Los diálogos, las miradas, los
fragmentos. La conversación de las aves que planean sobre las
ciudades. El sonido de unos tambores que te inquietan y parecen
provenir de la Laguna Tres Pascualas, justo antes de que la micro
siga su curso hacia un lugar al que no estás seguro de querer
llegar. Los avances, los retrocesos, los repliegues tácticos; las
formas de ver la vida, los horizontes posibles de cada perspectiva.
Y uno. Uno mismo fragmentándose en toda
esa locura, en todas esas visiones que en esta u otra vida pudieron
ser las nuestras, con la misma y arrogante fragilidad que
evidenciamos al contemplar un amanecer u ocaso creyendo que nos
pertenece por el solo hecho de necesitar su imagen.
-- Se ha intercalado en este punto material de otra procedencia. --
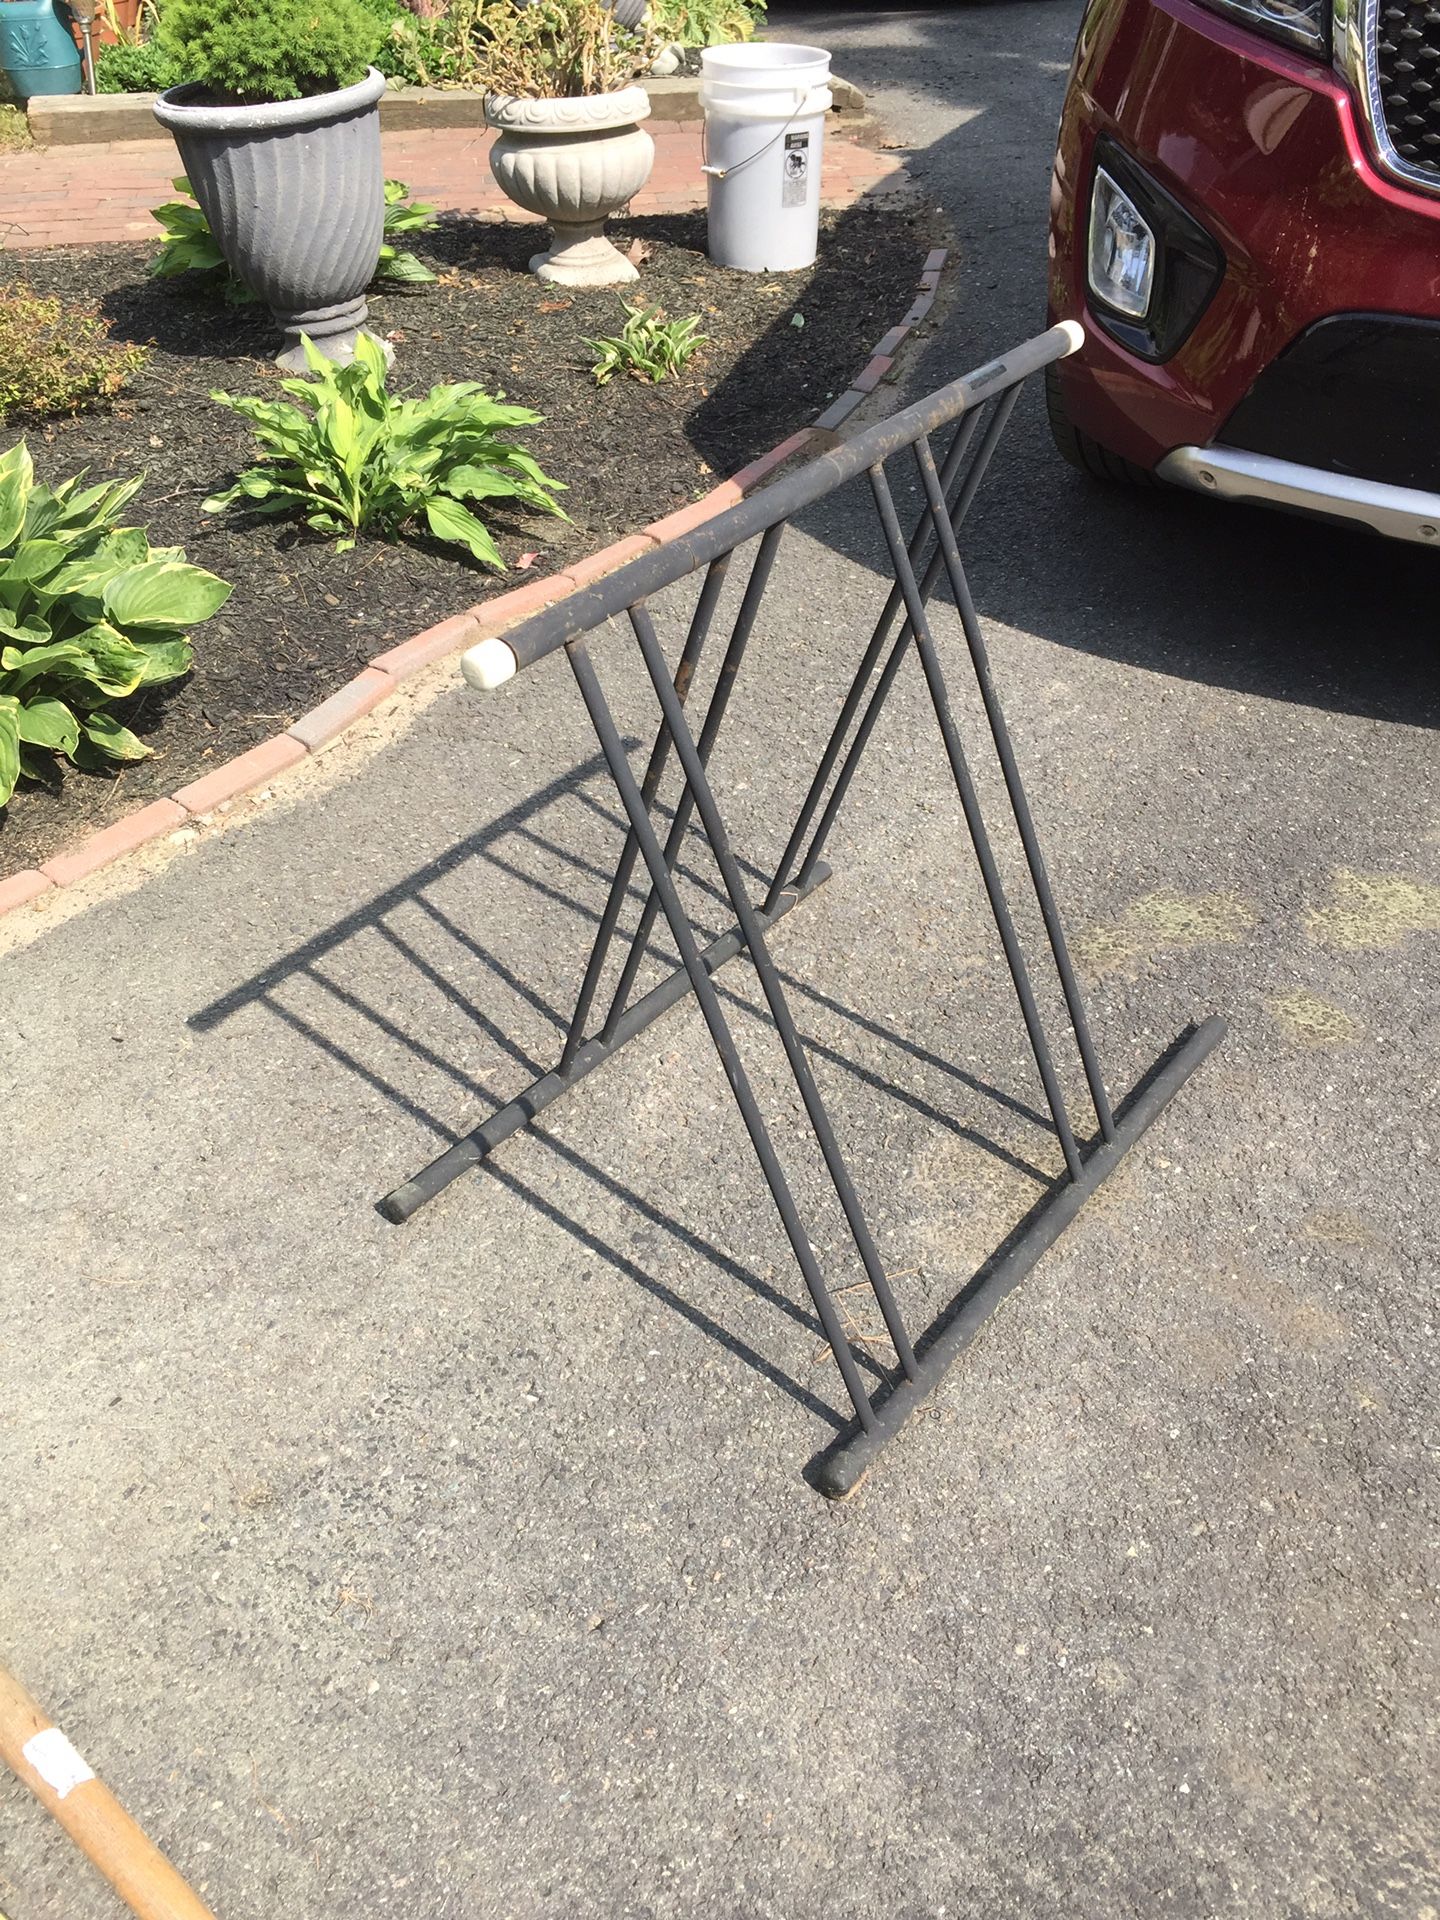 Folding bike rack

Porque es el hecho de atisbar lo que se
oculta detrás de cada mirada, aquel breve universo, lo que mucha
veces nos arroja luces sobre nuestras propias sombras. Como las
“tragedias que no nos dejan hacer celebración” (Denuncia,
p.23), y por las que nos tildan de “resentidos”, como si la
fascinación por un mismo vacío no pudiese hermanar en algún punto
nuestras miradas. Como si estuviéramos dispuestos a otorgarle la
razón, a hacer que se salga con la de ellos, esos que devastan la
felicidad ajena para poder edificar la suya; esa felicidad egoísta y
siempre solitaria de los poderosos. A los que, por cierto, se les ve
tan sonrientes por estos días…
Veo en ese puñado de miradas que nos
ofrece Alan un pasaje hacia numerosos y secretos jardines
existenciales, cuyas imágenes en mosaico en mucho se parecen a la
bitácora de un viaje muy querido. “Entonces disfruto de estar
solo, aunque no lo estoy, pues tengo todos los paisajes como mi hogar
y a todos los habitantes del mundo como mis hermanos” (Viaje,
p.50), nos dice Alan, y al menos yo le creo, pues desde hace ya
varios años que también sueño y creo -¡vaya contradicción!-, en
que el arte es una manera de darle sentido y forma al mundo.
“Esa mano invisible que maneja el
sistema capitalista, ¿no seremos quizás todos nosotros?”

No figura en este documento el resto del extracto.